Evaluation by Practitioners
Video clips for the target audience -- children between three and five years of age -- were collected. After the animation and the children’s television programming clips were digitized, professionals in the field of autism reviewed a videotape sampler with samples of these clips. The responses back from the viewers validated the decision to include animation and to keep the clips short, to less than thirty-seconds. Children’s programming, from shows such as Baby Songs and Blues Clues, received positive appraisal and were added to the collection of clips to show real children expressing emotion.
What surprised most of the viewers was the way the clustered set of emotions affected them when they viewed the sampler. For instance, the cluster of happy clips elated the viewers. They commented on feeling happy after viewing only a three-minute segment with twenty different happy clips edited together. Likewise, angry and sad had the same affective sway towards them feeling those emotions. Their feedback helped identify clips that contained complex emotions and were labeled complex or eliminated from the collection because these were not illustrating basic representation of an emotional expression.

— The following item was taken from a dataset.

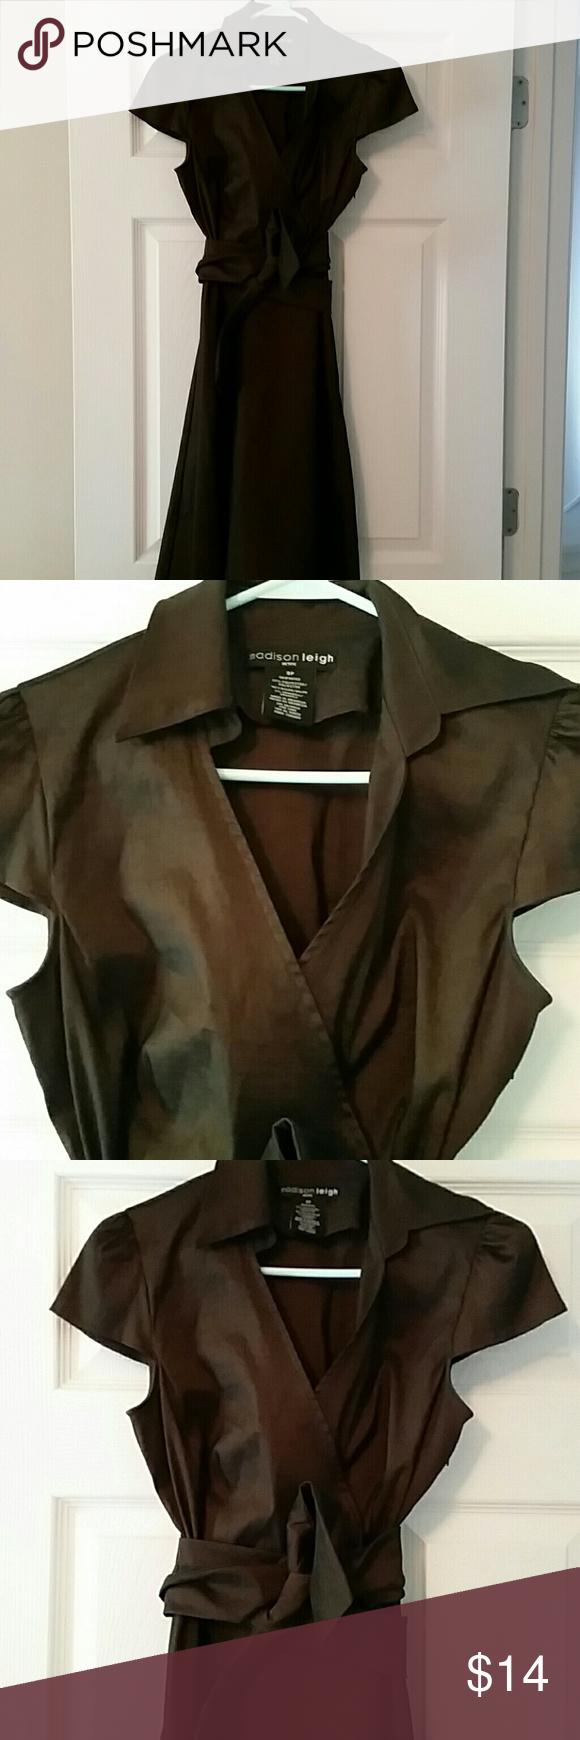 Madison leigh dark brown dress sleeve zippers and dark brown

In the meeting, the idea to possibly incorporate a play-mode into the application design was suggested. This was similar to the initial idea of creating a doll driven system. Those who recommended this approach were curious as to whether children preferred a play mode to the behavioral mode. From a design standpoint, to include both a video driven system and a doll driven system required the interaction in the application to be re-designed to switch back and forth between both modes. This was difficult to resolve, particularly when statistics were gathered based on the child recognizing an emotion. Capturing the interaction between the child and doll is easiest with one interaction approach. The doll driven concept has thus become part of the future work ideas.
Operational Modes
Plush Toy Interface
Video segments initiate ASQ interaction, but to play in this environment, plush doll dwarves are employed. ASQ uses four interactive dolls that represent the basic emotions, angry, happy, surprised and sad.
ASQ, being an interactive system, also helps in the development of joint-attention. Joint-attention, as mentioned earlier, is a social skill for pointing, sharing, and showing. It incorporates eye-gaze and turn taking with another person. Some autistic children are just not interested in eye contact, and thus rarely initiate it. They prefer to play by themselves, often with inanimate objects, but may not like the loneliness of playing alone. ASQ can help by having different dolls act like playmates.
The dolls may be set up to offer helpful cues during the child session. Each doll either vocalizes emotion, internally jiggles, or its hatband lights up to cue the child to make the correct selection. After the clip has played the appropriate doll will activate one of the cues set up in the configuration. Though this was implemented in the doll hardware, child responses to these were confusing and not used in the pilot at Dan Marino. The child could not easily attend to both the doll cues and the screen cues at the same time. The inclusion of the doll cues may be added in more advance levels of interaction with ASQ, after the child shows success with screen cues.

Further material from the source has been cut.